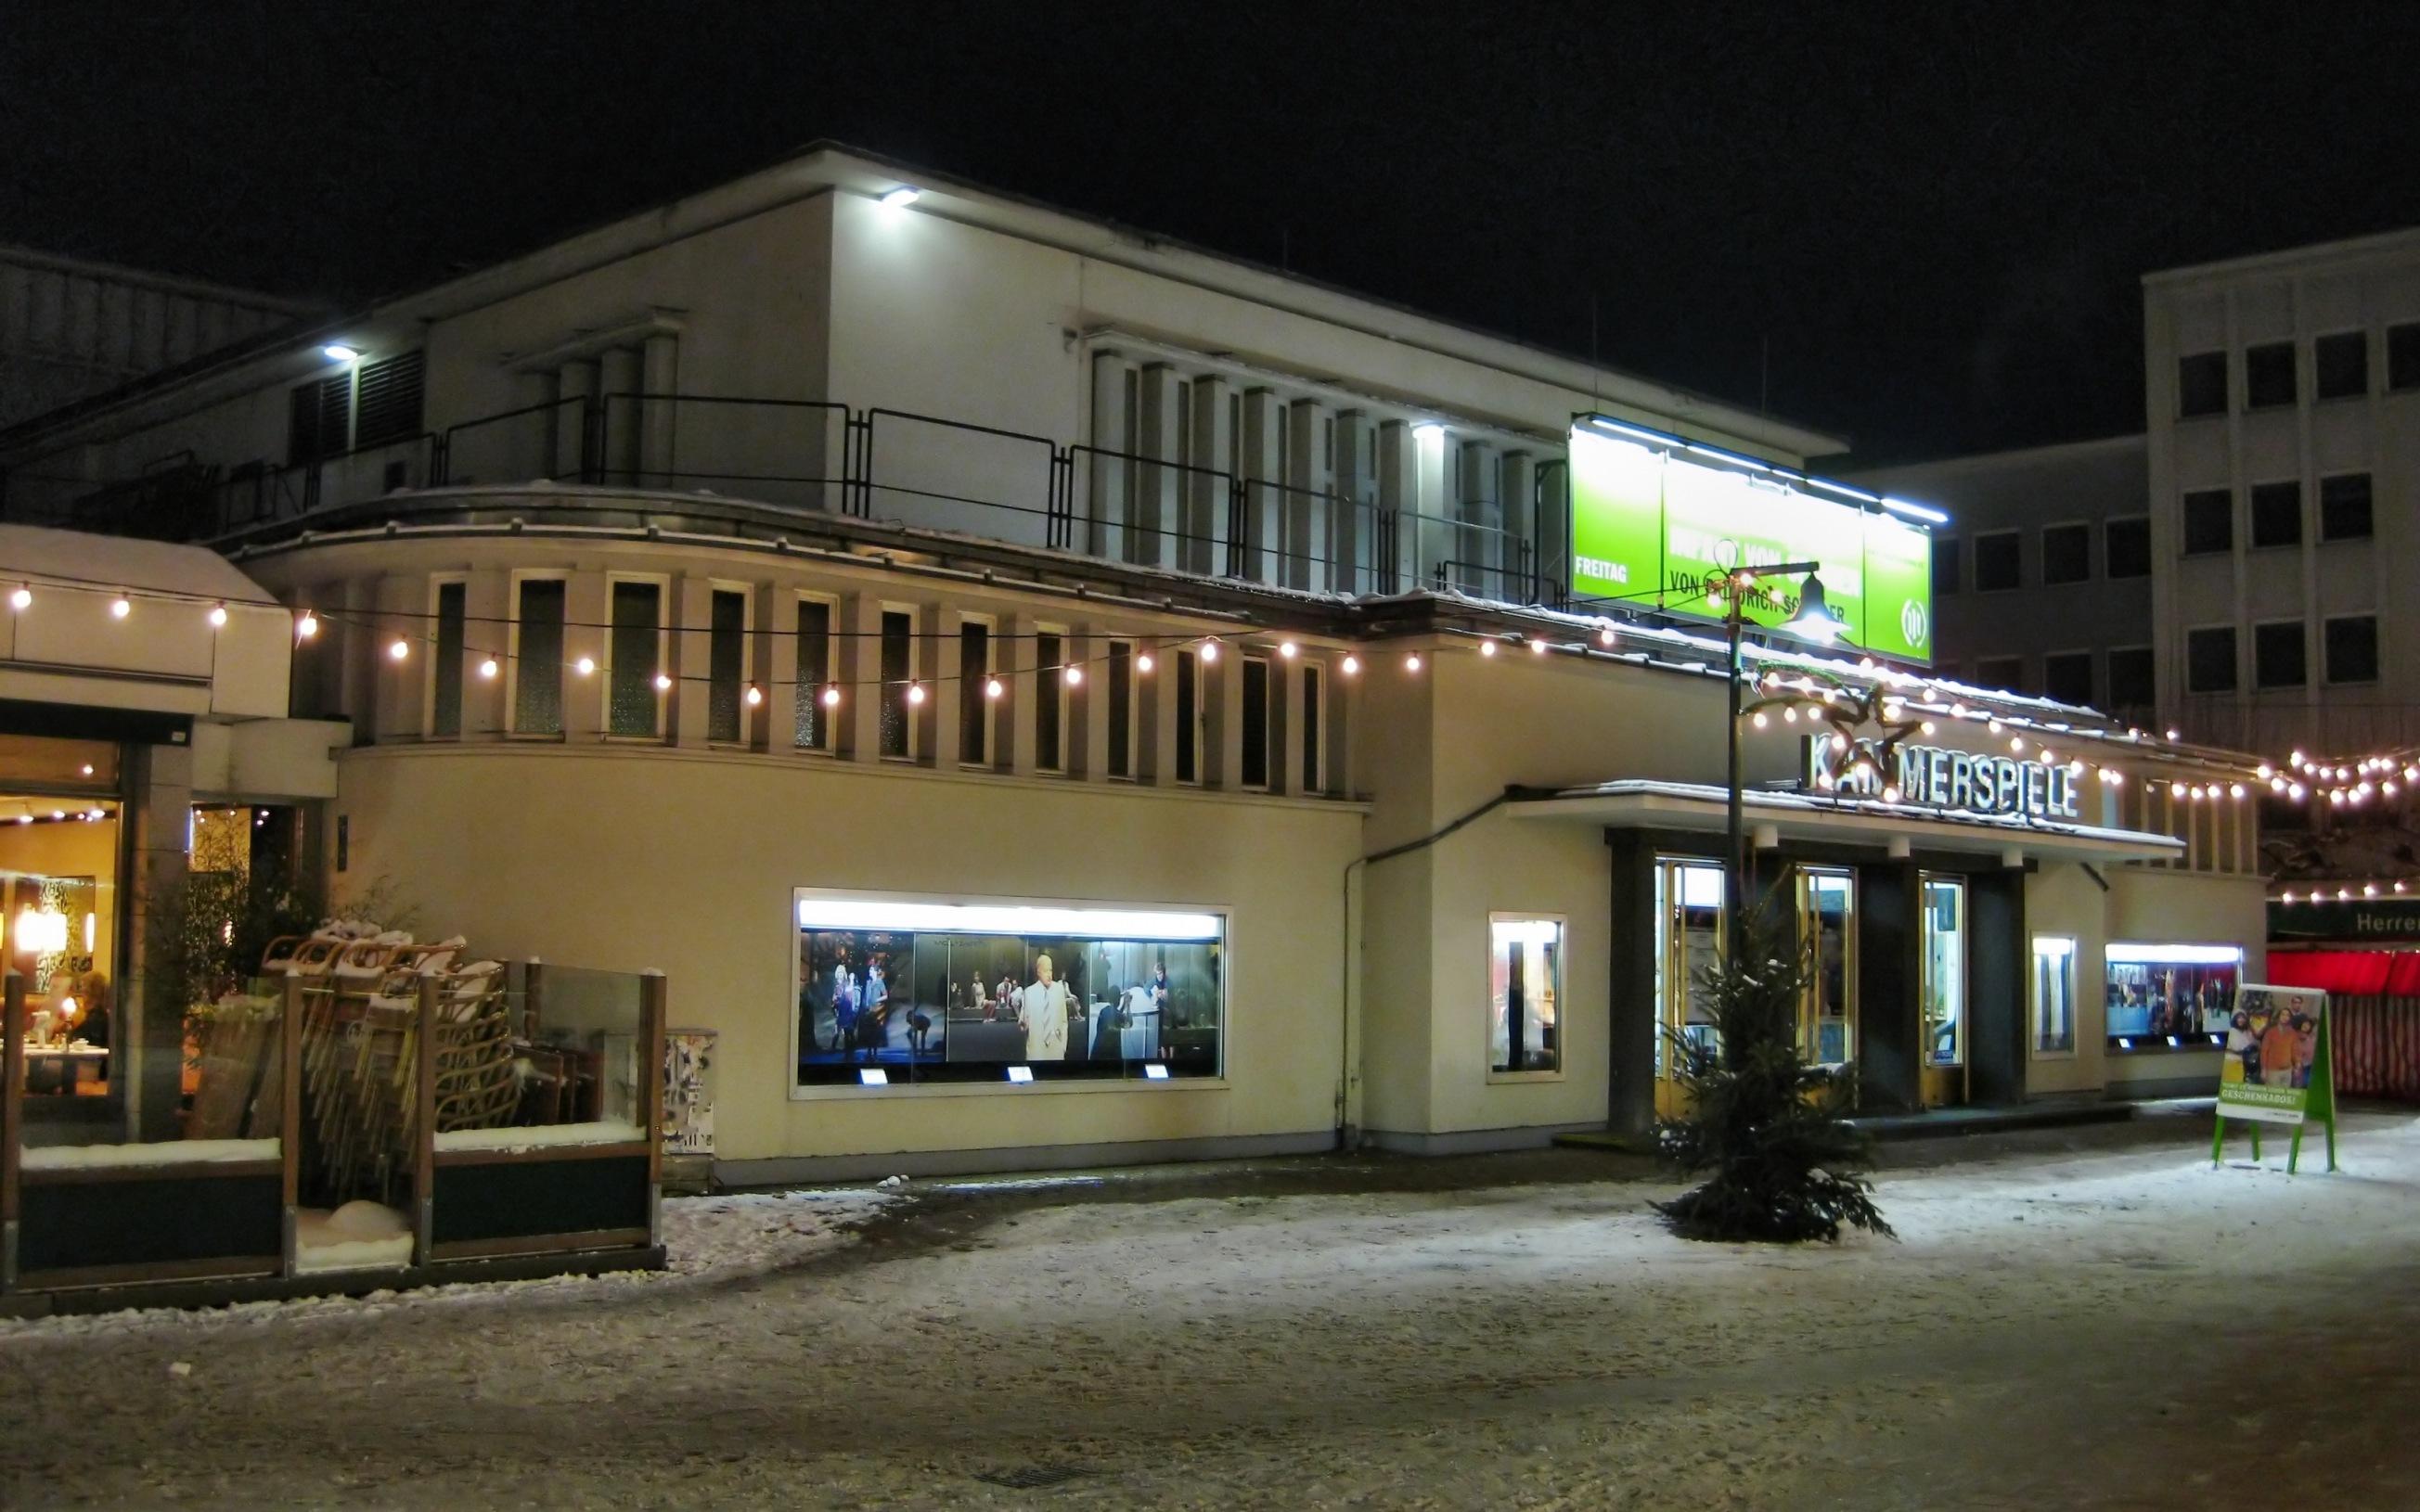 Kammerspiele: angeblich in den 50er Jahren als Stadttheater Bad Godesberg der erste Theaterneubau nach dem Krieg in
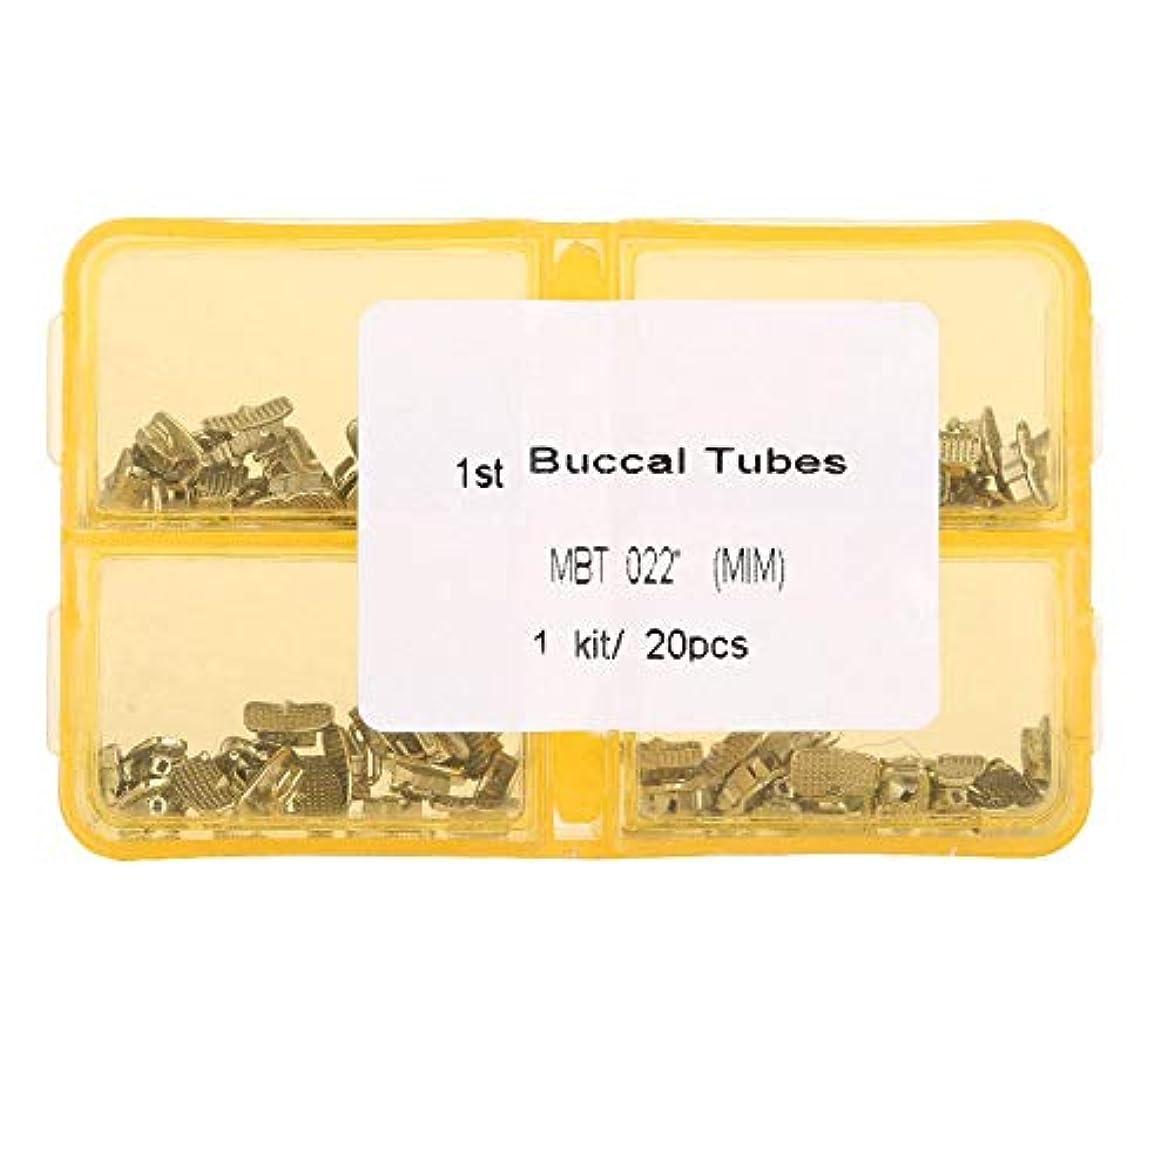 鈍い混合した禁止するNitrip 歯科矯正チューブ 第1臼歯 ロスシングルバッカルチューブ ステンレス 80pcs
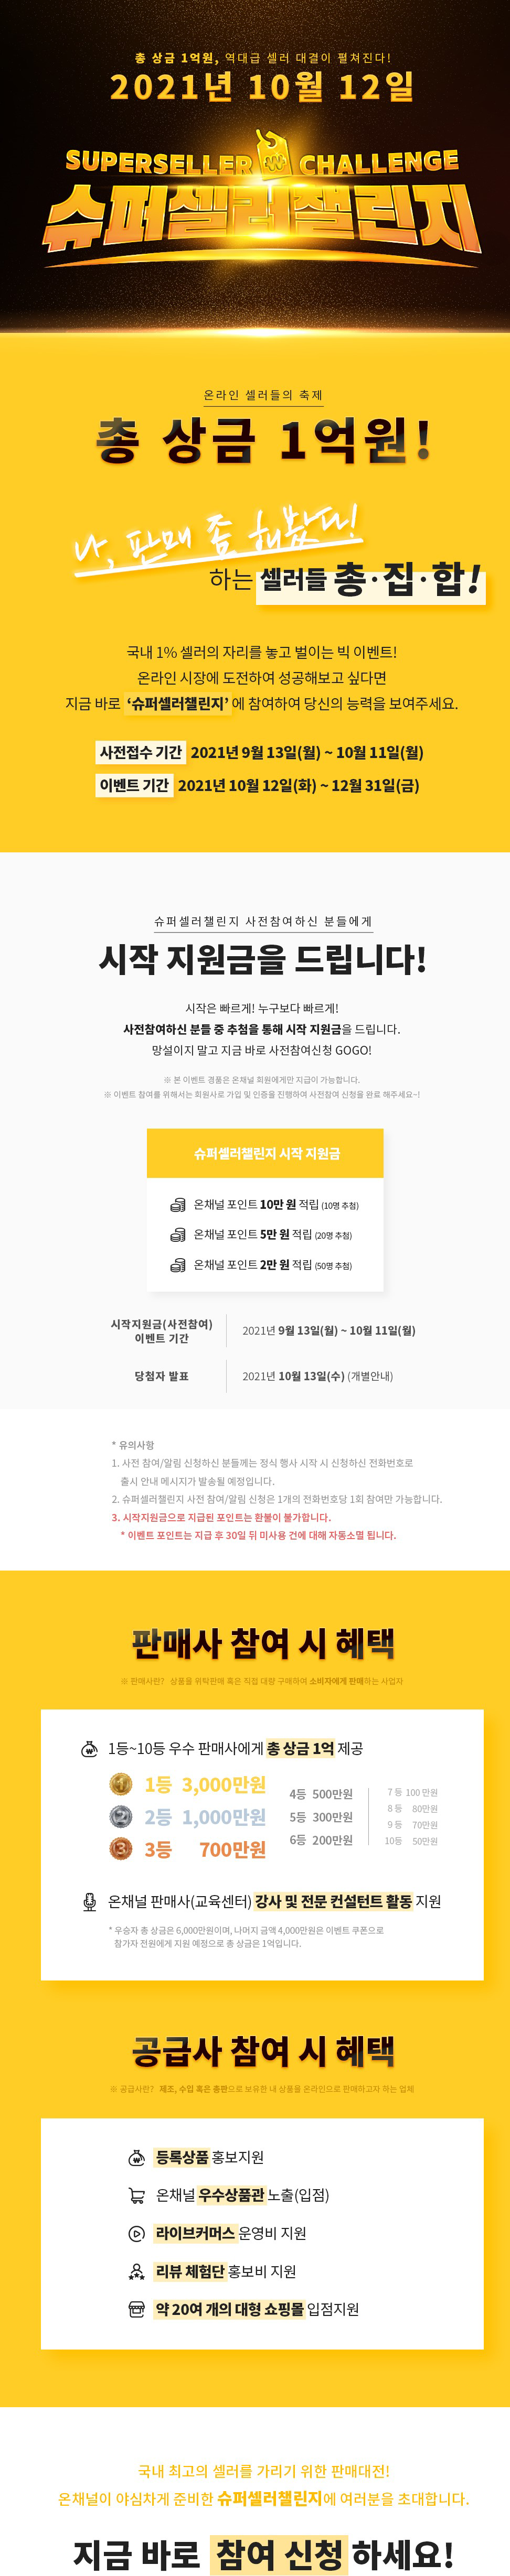 슈퍼셀러챌린지-메일링_수정.png
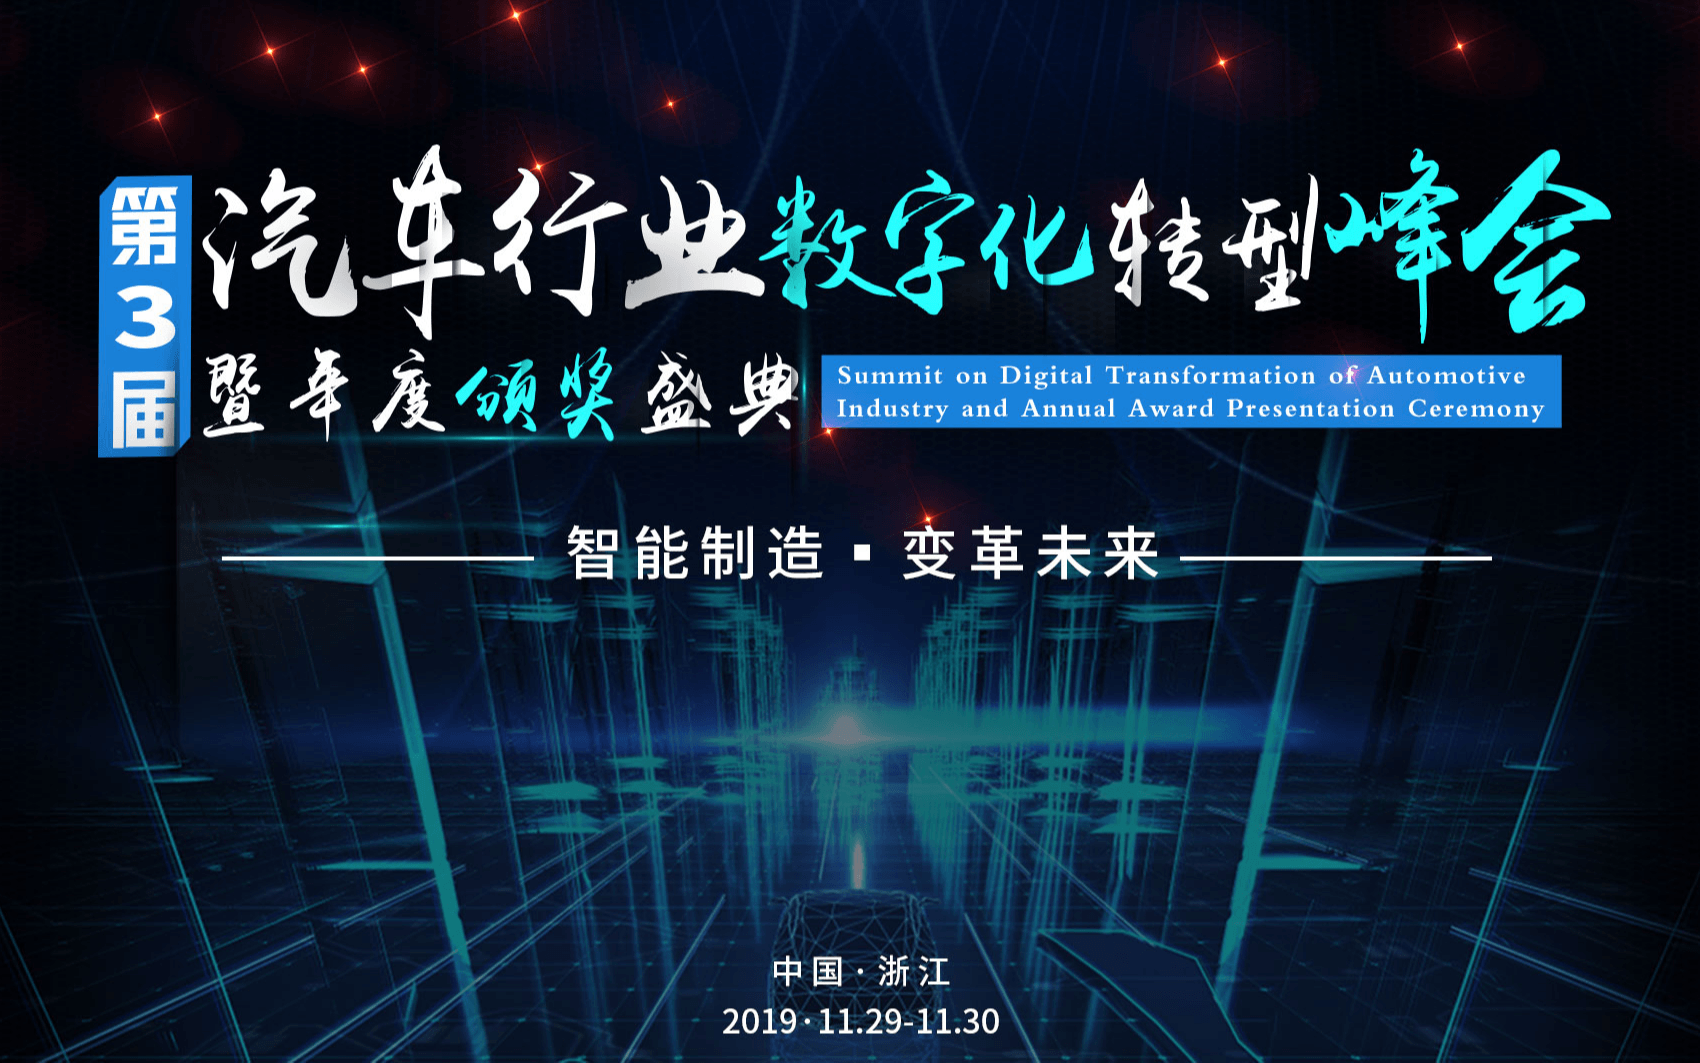 2019第三届汽车行业数字化转型峰会暨年度颁奖盛典(嘉兴)

To do: The answer should consist solely of the lines from the one containing "슈퍼셀러챌린지-메일링_수정.png" through the last line of the material, copied exactly, with pictures left out.

Solution:
 슈퍼셀러챌린지-메일링_수정.png
 2019第三届汽车行业数字化转型峰会暨年度颁奖盛典(嘉兴)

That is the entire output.